Usability and the Discoverability Interface

To make the state machine easier to use, the public functions available on the state machine will be minimized to those available for valid transitions with three exceptions. The required arguments to each function represent the required information to achieve the state transition.

The three exceptions:

First, a history() function can be called that will provide a user-readable history of state transitions covered so far.

Second, a transition_options() function that will provide a list of function names that can be called from the current state.

Third, a search(desired_state) function which will return a list of transitions to take to reach the desired state. This search will be accomplished dynamically by inspecting the return types of each transition out of the current state in a breadth first manner. From there the transitions from each returned type can be used to identify additional reachable states by taking two transitions. If this is not found the process can be repeated to some known finite maximum depth. Breadth first search should help identify a shortest path to the goal, although it may not identify all paths.

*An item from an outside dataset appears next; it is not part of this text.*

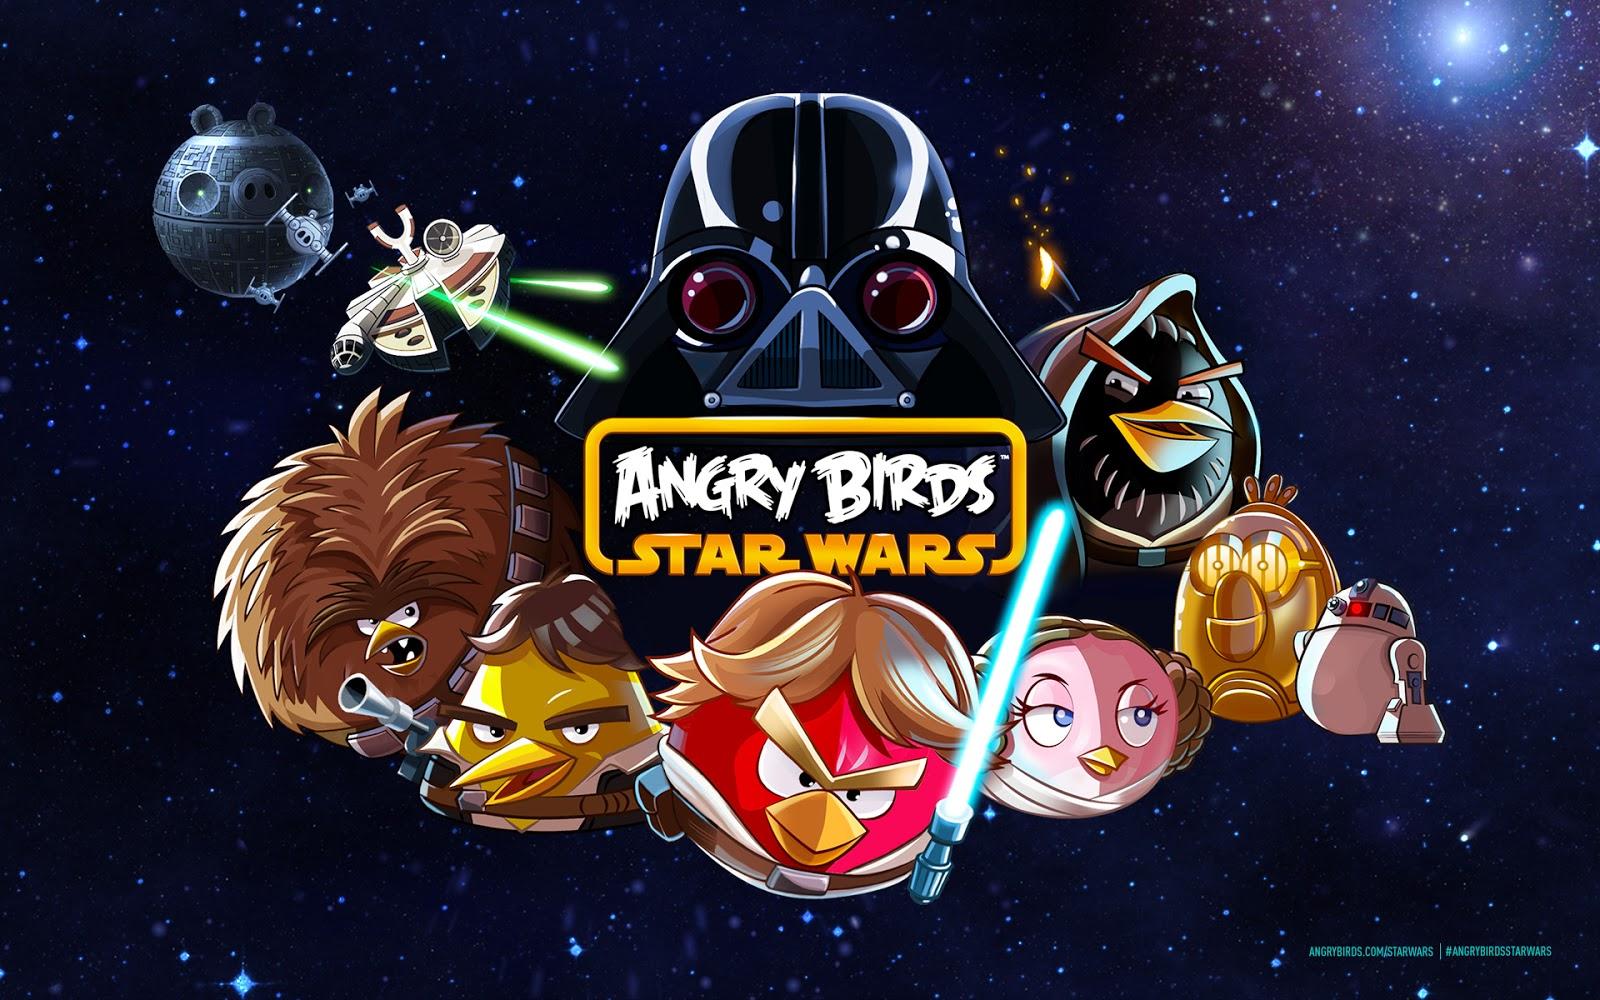 http://1.bp.blogspot.com/-bF-8mQwUw1s/UNRL-n_sfwI/AAAAAAAAANk/QzkwqfskF7Y/s1600/Angry-Birds-Star-Wars-Wallpaper-angry-birds-32422194-1920-1200.jpg

Each state will be immutable.

Each state shall inherit from a common base class.

New Class(es)

This feature may require implementing a new class or classes to interface with scikit-learn tooling:

  1. Metric function or class to pass to scikit-learn (see the make_scorer interface)

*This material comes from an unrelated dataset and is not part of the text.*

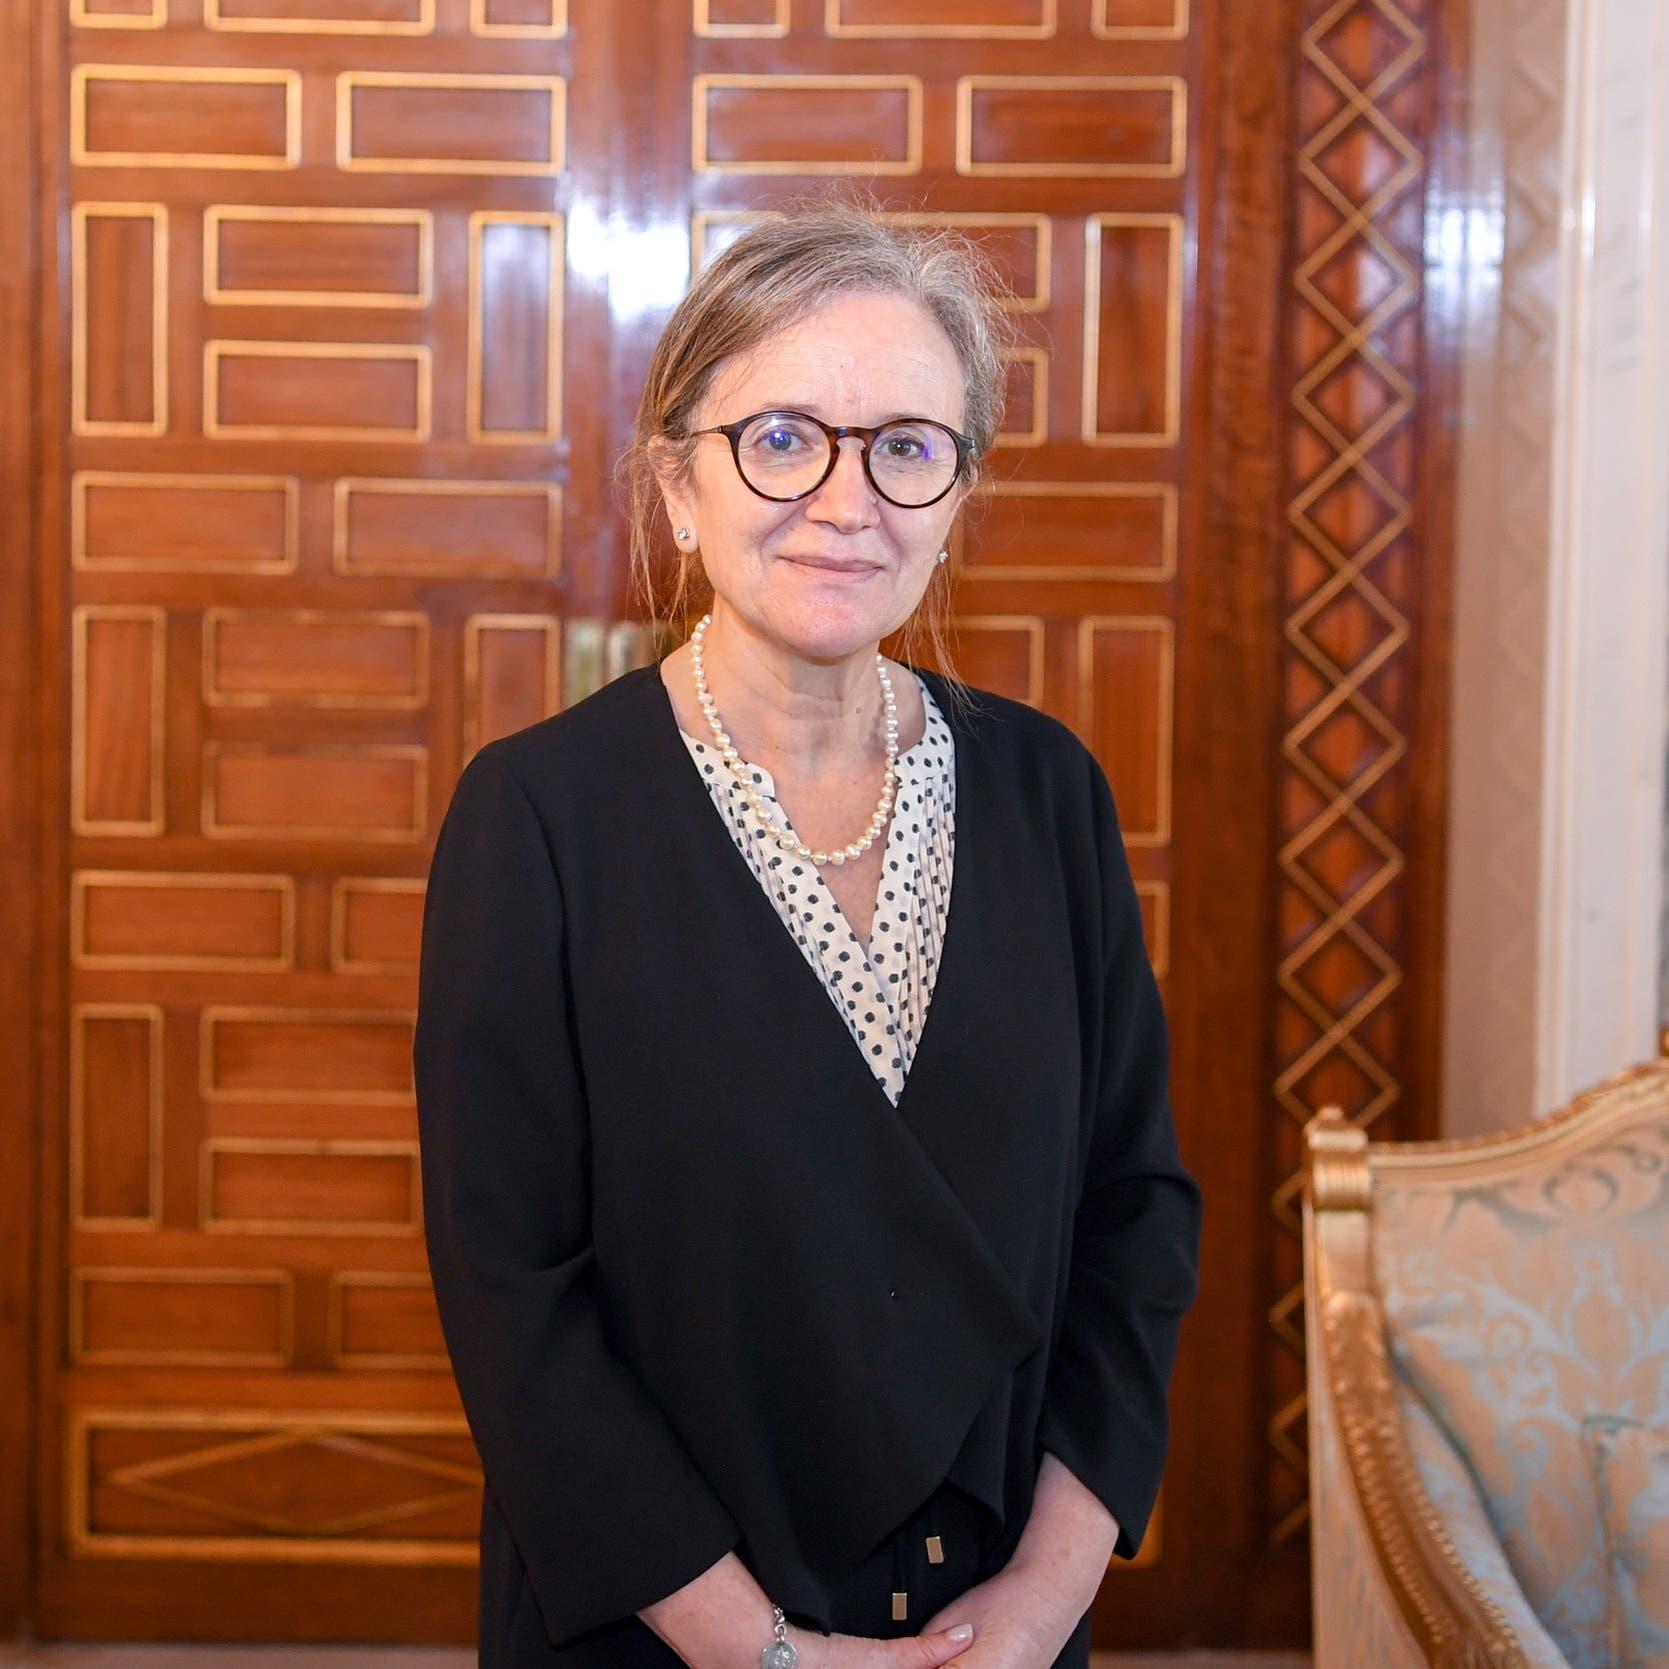 A woman prime minister in Tunisia

  2. Dataset class. Most scikit-learn tooling deals in vectors and that may not be fully suitable for sensor data

Experiments

Feature Tests

Compare a correct model with a dataset with arbitrary, incorrect +- 5 std dev noise inserted around other noise that is normally distributed. Selecting parameter should be less than 5. This can be repeated for multiple correct values of innovation filtering, say in the range 4-10.

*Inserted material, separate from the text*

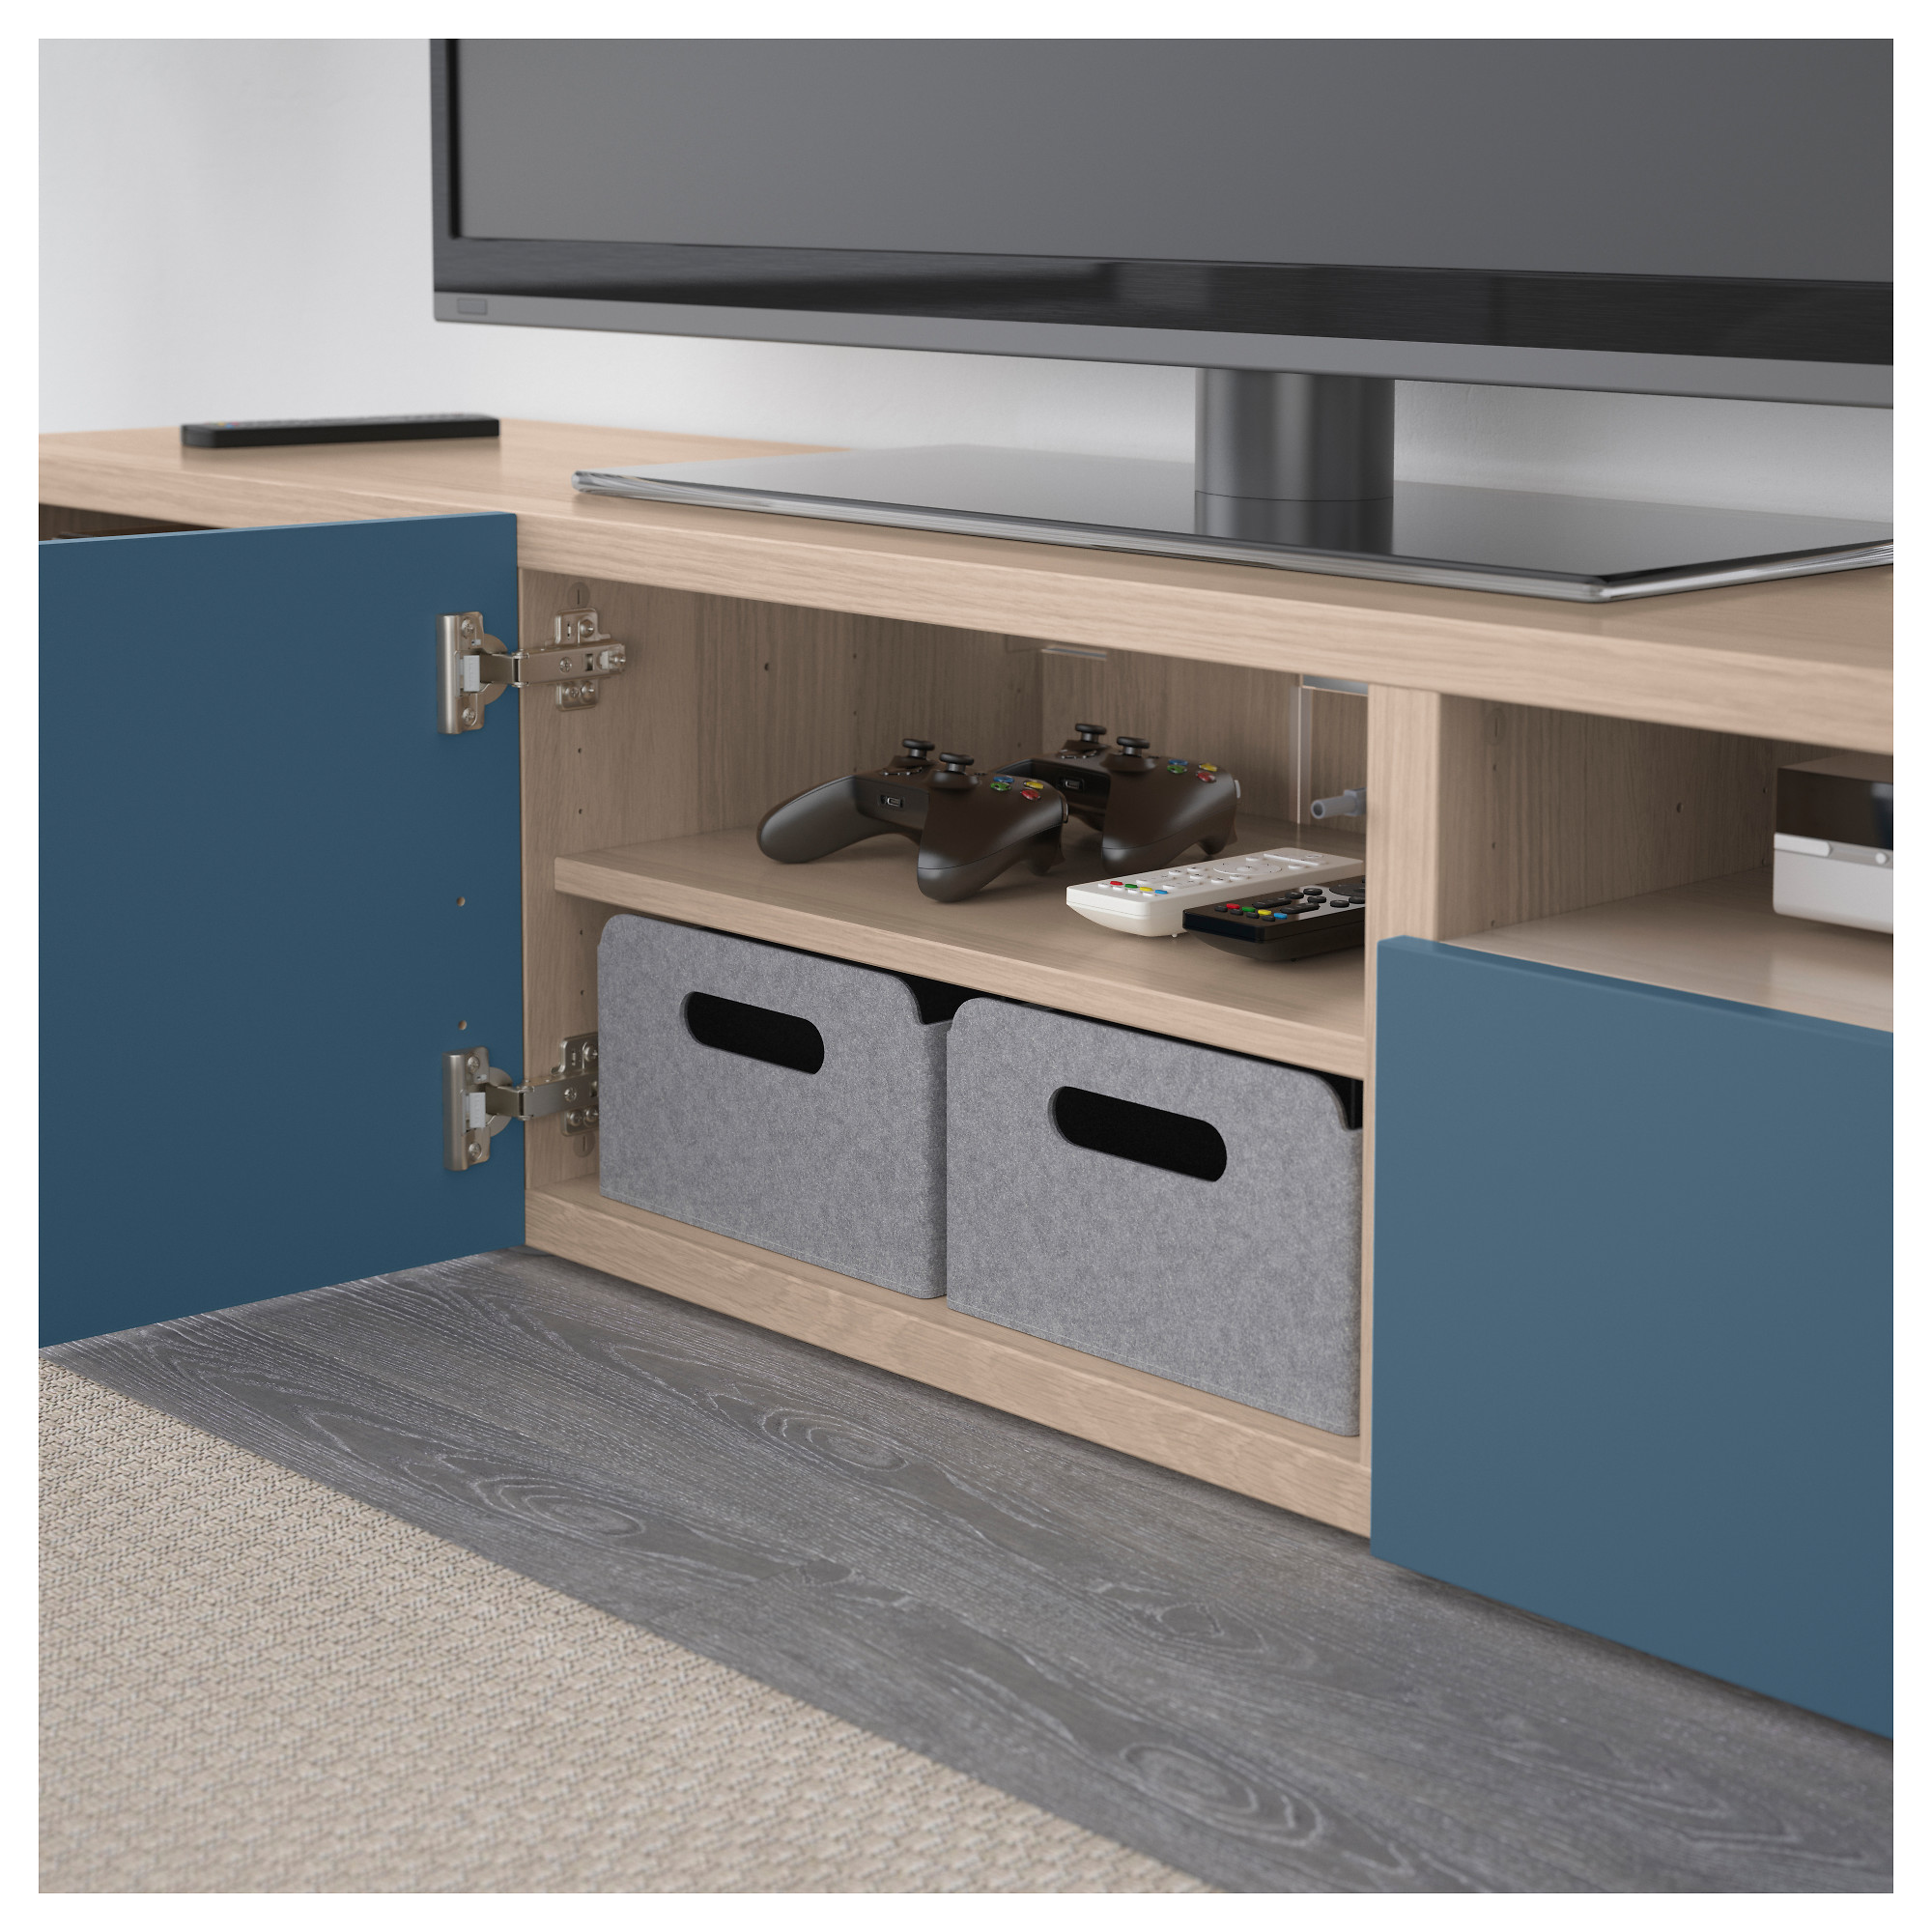 Тумба для ТВ с ящиками БЕСТО темно-синий артикуль № 192.503.34 в наличии. Онлайн каталог IKEA РБ. Недорогая доставка и установка.

By using synthetic data, a known correct answer can be used and the complexity of the feature test can be focused on demonstrating the interface (instead of say demonstrating the construction of a complex model to deal with complex real-world phenomena).

Roadmap and Process

  1. Write a design

  2. Write a feature test(s) 3A. Experiments 3B. Build a simple prototype

  3. Pass feature tests

  4. Refactor/cleanup

  5. Build an instructive prototype (e.g. something that looks like the project vision but doesn’t need to be the full thing)

  6. Add unit testing, etc

  7. Refactor/cleanup

  8. Write up successes, retro of what changed (so I can check for this in future designs)

Post Review

2023-11-09

Pipelines

The organization of the fititng structure via state machine could be thought of like a Scikit-Learn Pipeline; however, I’m hoping that the interface will be more of a guided tutorial for self-assembly, so a fixed pipeline isn’t the answer. Under the hood, a pipeline may ultimately become the answer.

The two seem similar, but they are orthogonal axis. The state machine is an organizational tool for creating the estimator, the pipeline is for fitting.

2023-11-12

formak.python UI change

Previously, the scikit-learn interface was mixed with the Kalman Filter interface. To better support the contract that scikit-learn expects for its estimators, the two are now split. There’s an EKF and then a SklearnEKFAdapter that inherits from scikit-learn’s BaseEstimator.

2023-11-16

Python Typing

Under the hood, this design marks the integration of the library with material use of Python typing.

2024-01-29

Defining Parameters to Select

The parameter space used in the DesignManager class is designed to be a look-alike substitution for the param_grid used in scikit-learn. In practice it behaves differently, but the hope is that these differences can be minimized over time and FormaK can benefit from the usability and predictability of sharing an interface with a popular Python library.

Data Format

The DesignManager currently uses numpy arrays as the data type expected; however, it may be a better fit in the future to move to conventions followed in scikit-learn’s general dataset API.